How would you define class elements?
How would you give me exact--
you have to generate every class element.
AUDIENCE: Why do you feel that this ability is
necessary for a--
LEV GOLDFARB: Well, because if you think about here is the
real classes and here is your formalism we want to have the
object mapping induces class mapping.
So if I have certain objects in the class I want to be able
to generate every object of this class only, and only this
object in the class using class representation.
I want to have this one-to-one mapping between real objects
and objects in my formalism.
AUDIENCE: So one thing that's been proposed for a one-class
classification is to find the half-space whose co-efficient
vector has the smallest [UNINTELLIGIBLE], or
something, that satisfies constraints of the--
enforce the fact that all members of your class are on
one side of the half-space, for example.
LEV GOLDFARB: But again, if you take, again--
let's go back to the real object in this mapping.
You remember this mapping from real
object into your formalism?
You want to ensure that after you do this that all object
that you can generate in your formalism, every object that
you can generate in your formalism, correspond to the
physical object that you are dealing with, with the class
you're dealing with.
I mean this mapping is very important because you are
mapping the actual object into objects in your formalism.

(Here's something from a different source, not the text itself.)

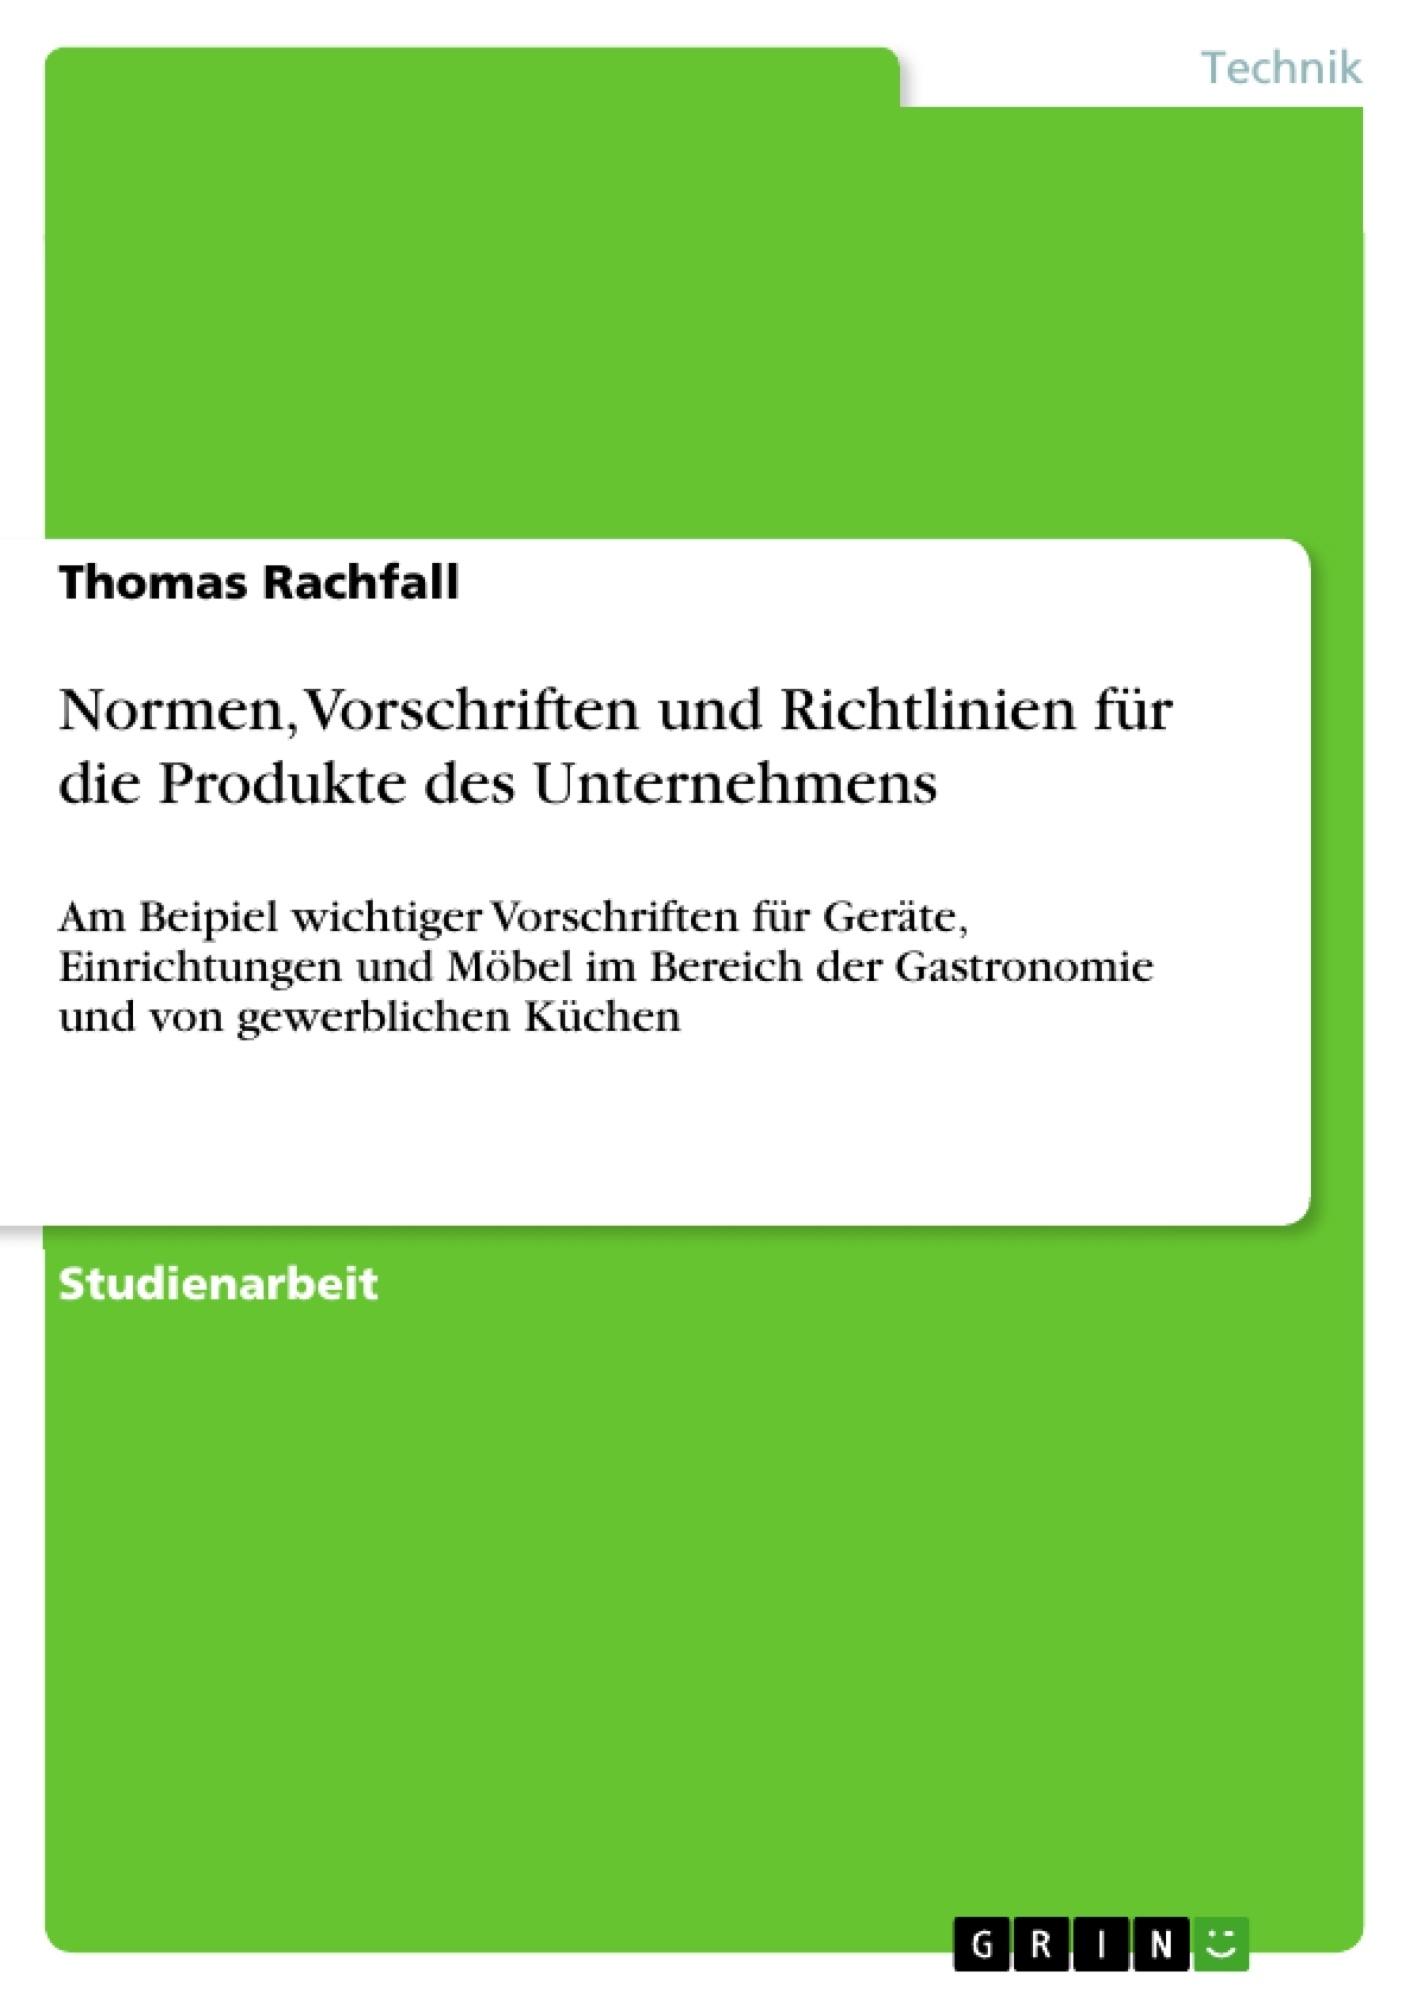 Titel: Normen, Vorschriften und Richtlinien für die Produkte des Unternehmens
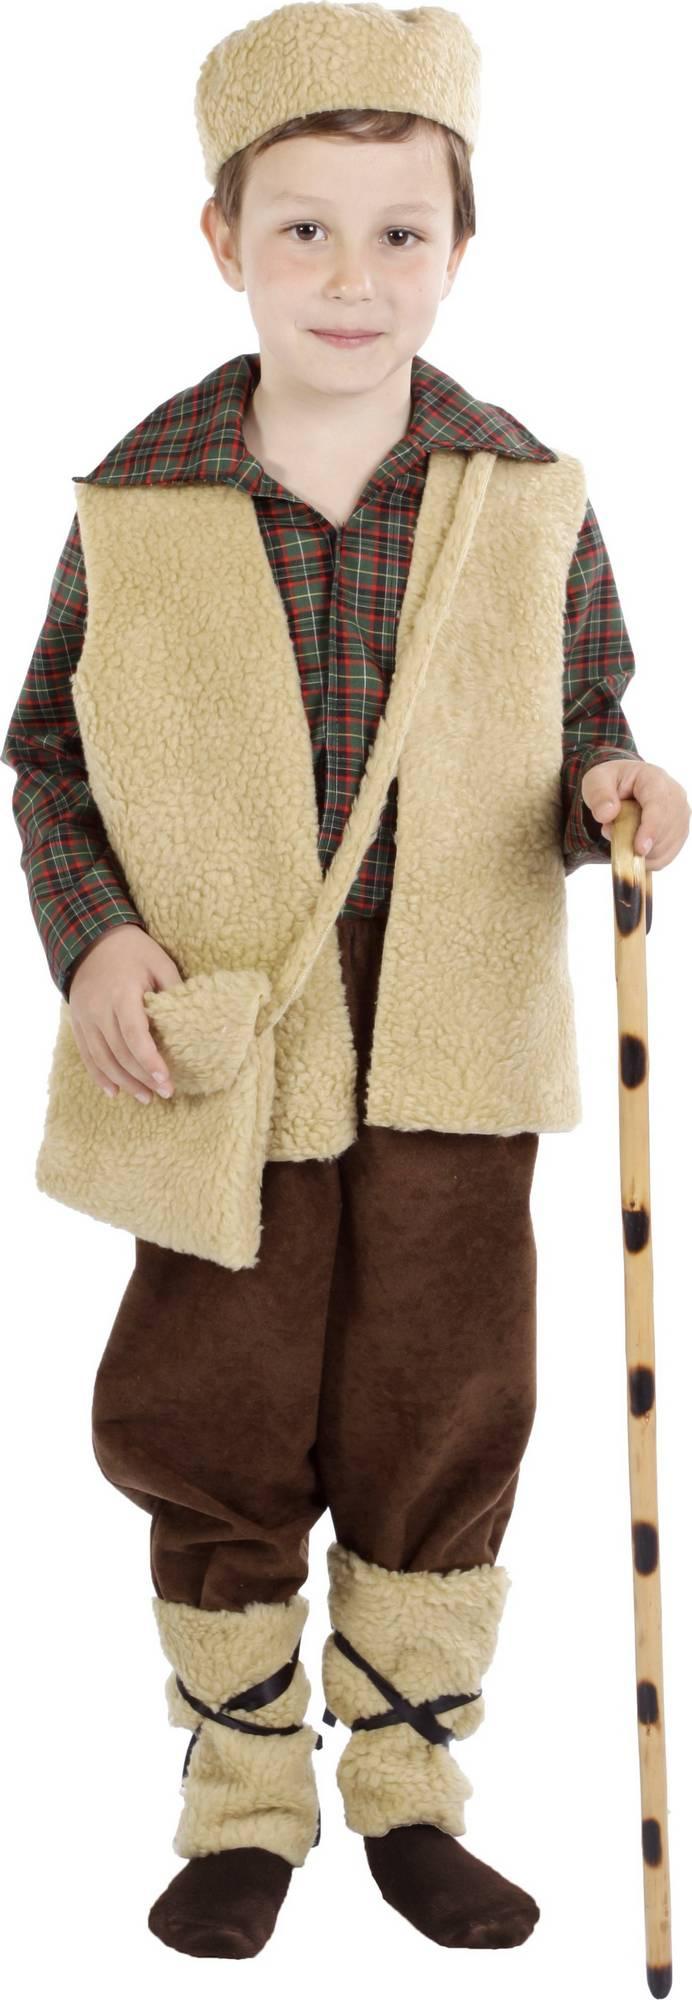 Costume per ragazzo da pastore su VegaooParty, negozio di

So you want to have a very tight link between the actual
object and the object that you have in your formalism.
So once you say it's a class representation you have to
then claim that every object that fall within this class
has a corresponding object in reality, which
will not be the case.
You want to have it a strong restriction.
It's a very strong restriction on what you want to have as a
representation of formalism.
AUDIENCE: Yeah.
So I guess depending on what you call a class, which I
guess is what we were talking about over lunch the would be
[INTERPOSING VOICES]
LEV GOLDFARB: Well, no, you don't want to call anything
artificial class.
You want to define class in such a way that this mapping
is validated.
Because representational formalism is something that
you're going to use to represent the actual objects,
whether it's a web page, it doesn't matter.
You're going to use that representational formalism to
map object.
So once you are in your representational formalism now
you have to live here.
But that means you cannot invent the concept of class
that is not meaningful over here.
So once you map the object you're done.
You are not allowed--
you don't have any other means--
to change what the class of actual objects over here on
the left-hand side.
Because you're dealing with real objects.
You just representing them in this formalism on the
right-hand side.
So once you map them that's it, you have no control.
So the whole point is that once you do this mapping,
realize you want it to be automatically induced the
mapping of this class onto this class.
It's a strong requirement but what I am suggesting that this
is sort of a necessary requirement.
You see, if you do not satisfy that condition you will be
defining classes here that has no reality over here, and
that's a problem.
AUDIENCE: It just seems to me that it's impossible to define
formalism like--
LEV GOLDFARB: You will see now.
That's what I am going been talking about.
This is most of the talk will be about.
AUDIENCE: But then the question might be, are there
things that we would call classes that are not captured
by this formalism as well?
If you define a class to be things that are captured by
this formalism?
LEV GOLDFARB: But you will see.
No you will see--
formalism is universally applicable because this
formalism all object can be encoded, therefore, it's very
easy to check if there are real classes that--
once you have that mapping and you use this formalism, then,
if you can find classes here that are not classes in your
formalism then you're done.
Then you know it's not good.
But you will see it is not like that.
So anyway, what I am suggesting that to compensate
for above paucity of, not classes, but this classes
according to that definition, and in violation of sort of
wisdom in mathematics.
One brings alien class representation and, therefore,
alien classes.
So you bring things like nonlinear functions and other
things to define class.
They have nothing to do with the structure of this vector
space, which is algebraic.
This is a representational structure.
That's the whole point, that if you want to treat objects
this way, if you want to take your representational
formalism seriously, you must take the operations on objects
also seriously.
So this is a typical picture.
Here is your class, and you have some nonlinear decision
surfaces here.
Now everybody got used to this.
It took me 10 years to ask this kind of question because
I also was used to these things, assuming that that's
OK, you know, this is how things look like.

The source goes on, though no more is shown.